The shape of things

Real Women Have Curves

In addition to curves, these real women have stressful workplace visits from the Immigration and Naturalization Service.

In addition to curves, these real women have stressful workplace visits from the Immigration and Naturalization Service.

Rated 4.0

The good-natured irony that runs through Josefina Lopez’ comedy Real Women Have Curves flows naturally out of the onstage situation. We meet five Latinas who are (to put it one way) curvaceous, or who (to put it another way) rank significantly higher on the body-mass index than their doctors would approve of. In other words, they’re flirting with obesity—at least as it’s defined by modern medicine.

They’re also working in some sort of small-scale Los Angeles sweatshop. The women get paid $13 per garment to make dresses that are sized to fit skinny fashion models and will sell for $200 or more. They couldn’t squeeze into the garments or afford to buy them, even if they tried.

The absurdity of this situation is not lost on these ladies—each of whom represents a different position on the spectrum of immigrant Latina experiences. One’s a mother of eight who’s married to a man who gets violent on occasion. Another is in her 30s and is worried because she’s childless. The others are single—including one who’s planning to move to New York, attend college and become a writer. (That she’s doing her writing on a second-hand typewriter she’s just purchased is one of the clues that Lopez must have written this play years ago.)

Although Real Women qualifies as a comedy with a message—about earning a decent wage, standing up to mistreatment from men and taking pride in the body that life and genetics have given you—this is nonetheless a funny and lighthearted play. Recurrent jokes stem from the characters’ weakness for junk food, their prolonged fretting over “La Migra” (the Immigration and Naturalization Service) even though most of them have earned green cards, and a delightfully silly scene in which everyone strips down to their underwear and compares over-padded thighs and stretch marks. There’s also a bit of girl talk about sex.

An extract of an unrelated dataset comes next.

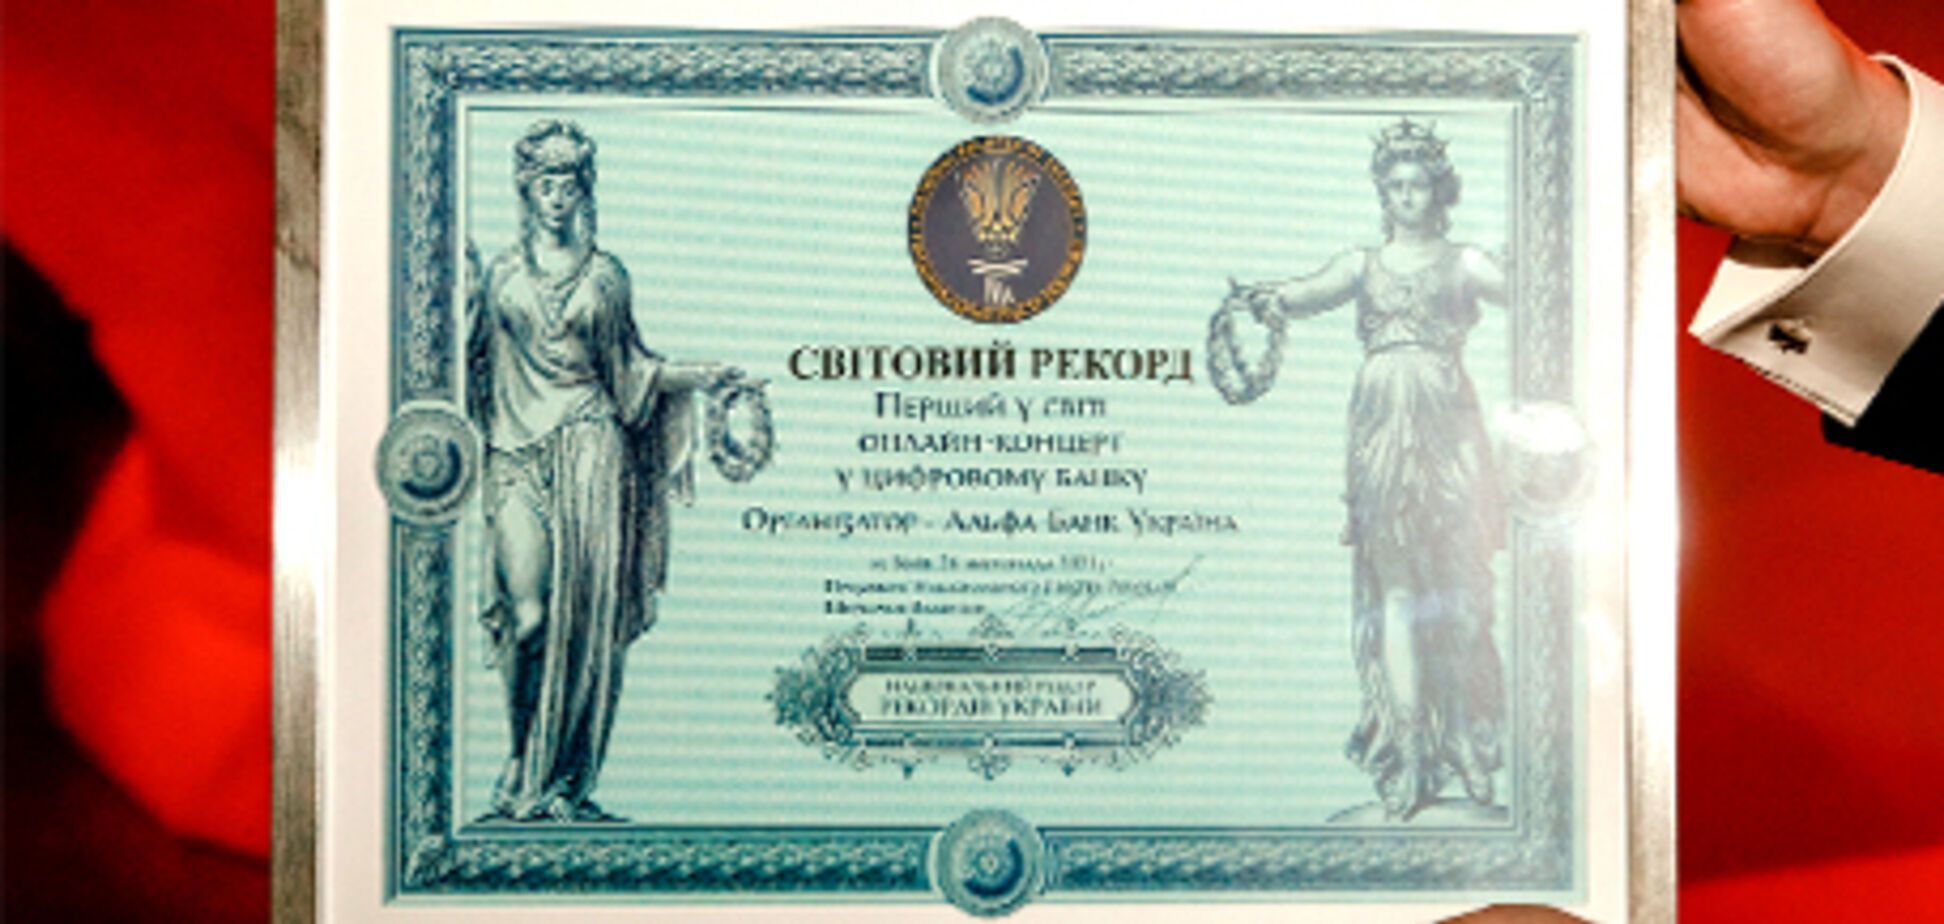 Світовий рекорд: Альфа-Банк Україна провів перший у світі онлайн-концерт у цифровому банку

Director Manuel Pickett, who also handled last year’s noteworthy References to Salvador Dalí Make Me Hot in the same venue, sustains the mood skillfully and gets good performances out of Ethel Birrell, Sojourna Florez-Jennings, Christina Martinez, J. Andrea “YaYa” Porras and Khimberly Marshall. (Marshall is African-American, but she’s also one of the more experienced members of the cast. She does fine in this Latina role.) There’s a nice set by Mark Reddick, with sewing machines and a picture of the Virgin of Guadalupe.

This co-production by California Stage and Pickett’s Teatro Espejo also marks the latter’s ongoing emergence as more of a community group—for the last few years, it’s operated as more of a subsection within the California State University, Sacramento, theater department. It’s good to see Latino plays being mounted out in town.